Hal itu ia nyatakan dalam kanal Youtube Ombudsman RI dengan tajuk #OmbudsmanBicara Tanggapi Surat Keberatan KPK atas Tindakan Korektif yang Dikeluarkan Ombudsman RI.
“Jadi KPK dan BKN boleh menggunakan hak prosedural mereka, tetapi Ombudsman punya otoritas yang sangat penuh untuk kemudian menyikapi dan menanggapi surat keberatan yang ada,” ungkap Robert.
Lebih lanjut Robert menuturkan, setelah masuknya keberatan dari KPK maupun BKN Ombudsman sedang menyiapkan tahapan akhir. “Seperti halnya mekanisme di organisasi ini, kalau tindakan korektif yang kita sampaikan di laporan akhir itu tidak ditanggapi,” tambahnya.
“Maka ombudsman akan masuk ke proses penyusunan rekomendasi. Dan rekomendasi ini adalah putusan. Tahapan sekarang kita sedang menyusus rekomendasi dan hasilnya nanti kita akan keluarga dalam waktu yang dekat,” kata Robert.
Robert menjelaskan, sebagai suatu putusan, rekomendasi Ombudsman nantinya harus dipandang sebagai produk hukum.
“Pertama karena memang dikeluarkan atau diterbitkan oleh lembaga yang dibentuk berdasarkan peraturan perundang-undangan. Ombudsman dibentuk oleh suatu Undang-undang yang sangat kuat, undang-undang 37,” ujarnya.
Kedua, lanjut Robert, karena isi rekomendasi soal pernyataan kesalahan dan soal sanksi. “Tentu kalau sudah bicara dua norma itu sifatnya mengikat, sesuatu yang sifatnya wajib. Dan dalam konteks hukum, segala hal yang sifatnya mengikat, segala hal yang sifatnya wajib itu harus dipandang, dilihat sebagai produk hukum,” imbuhnya.

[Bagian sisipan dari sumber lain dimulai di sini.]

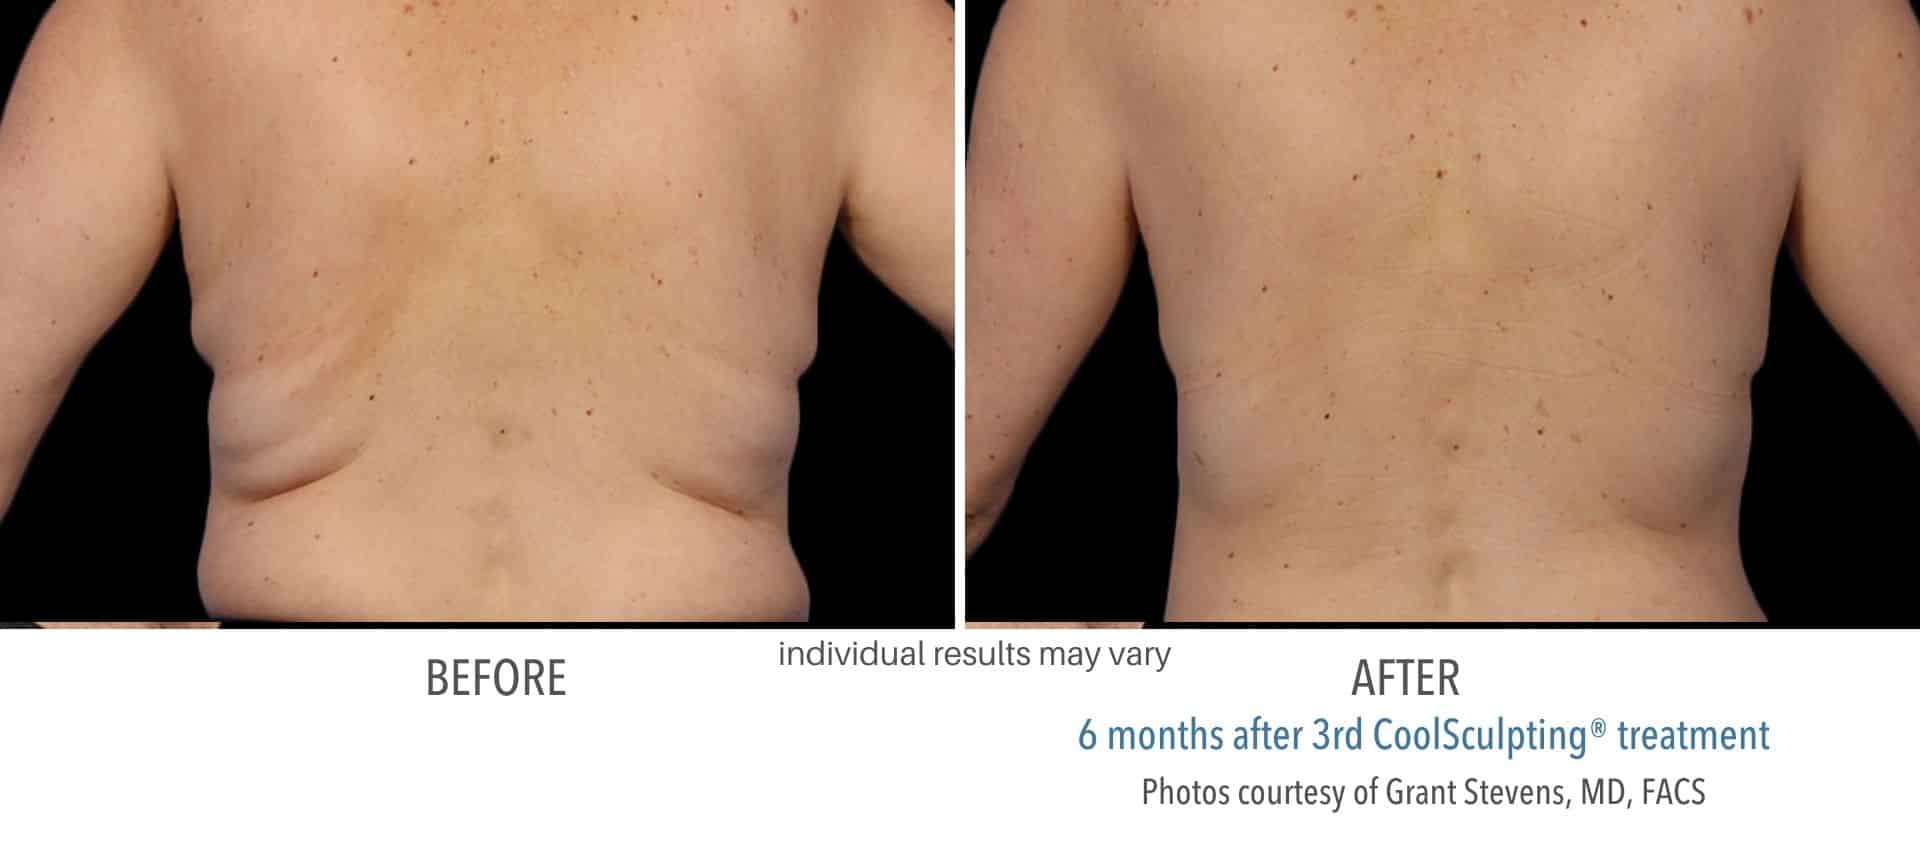 Coolsculpting Miami Before And After Images

Menurut Robert, harapan terbaik masalah tersebut selesai atau berhenti di KPK dan BKN. Namun apabila kedua instansi tersebut tidak memiliki iktikat baik menindaklanjuti tindakan korektif yang ada, Ombudsman menaruh harapan besar Presiden Jokowi dapat menyelesaikannya.

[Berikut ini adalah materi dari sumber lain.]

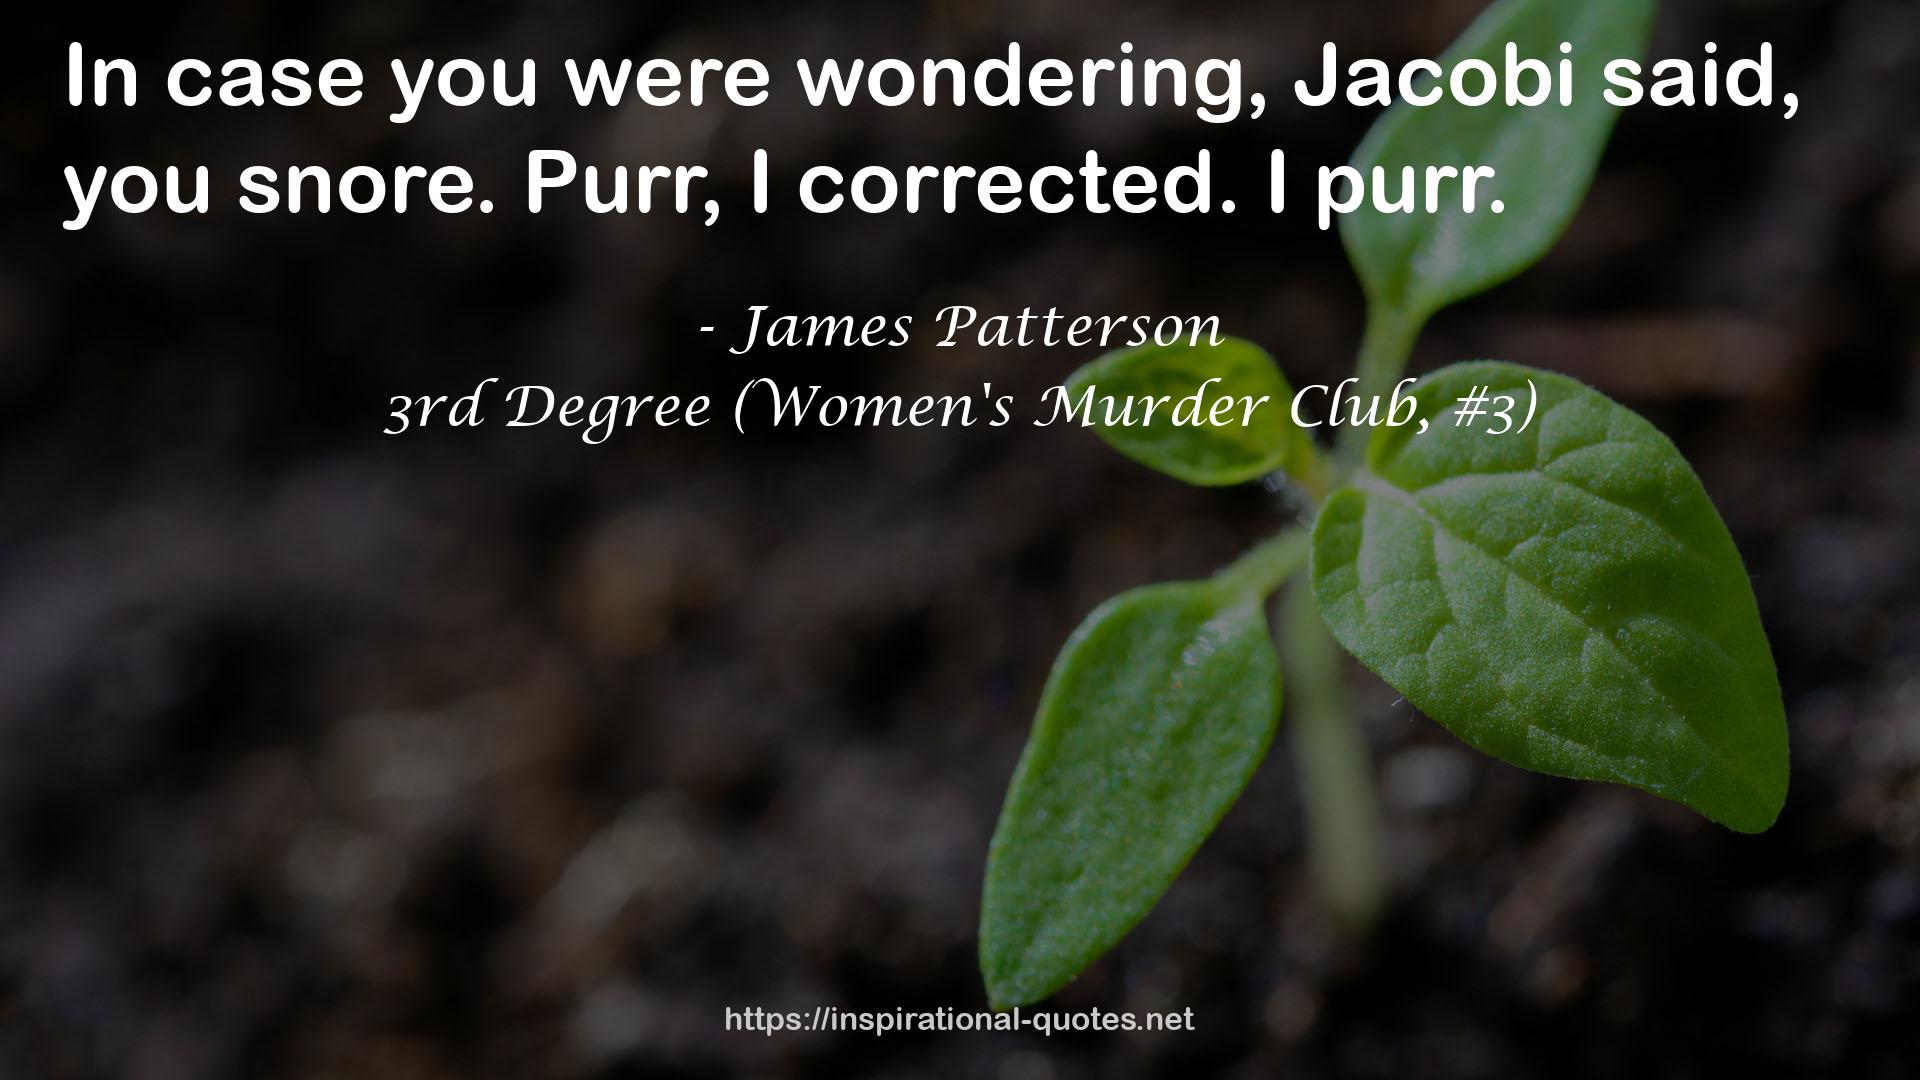 3rd Degree (Women's Murder Club, #3) QUOTES

“Karena ini adalah isu kepegawaian, kita tahu Presiden adalah pemegang kekuasaan tertinggi pembinaan kepegaiwan atau pembinaan ASN sebagai PPK, maka jika PPK yang ada di BKN, PPK yang ada KPK, maupun kementerian atau lembaga dan Pemda itu tidak menjalankan apa yang menjadi rekomendasi Ombudsman, maka Presiden sebagai pemegang kekuasaan tertinggi pembinaan kepegawaian itu bisa mengambil alih bisa take over kewenangan yang ada pada PPK di KPK,” tegasnya.
Karena pada prinsipnya, tuturnya, yang ada di PPK dan KPK itu hasil kewenangan Presiden. Ini sebenarnya dorongan Ombudsman yang pada kahirnya Presiden, sesuai laporan akhir sudah menyarankan saran perbaikan.
“Presiden diharapakan dan kita sangat berharap untuk memperhatikan saran ini. Dan mudah-mudahan menjadikan saran dari ombudsman sebagai dasar bagi presiden untuk mengambil keputusan, mengambil tindakan lebih lanjut,” tukas Robert.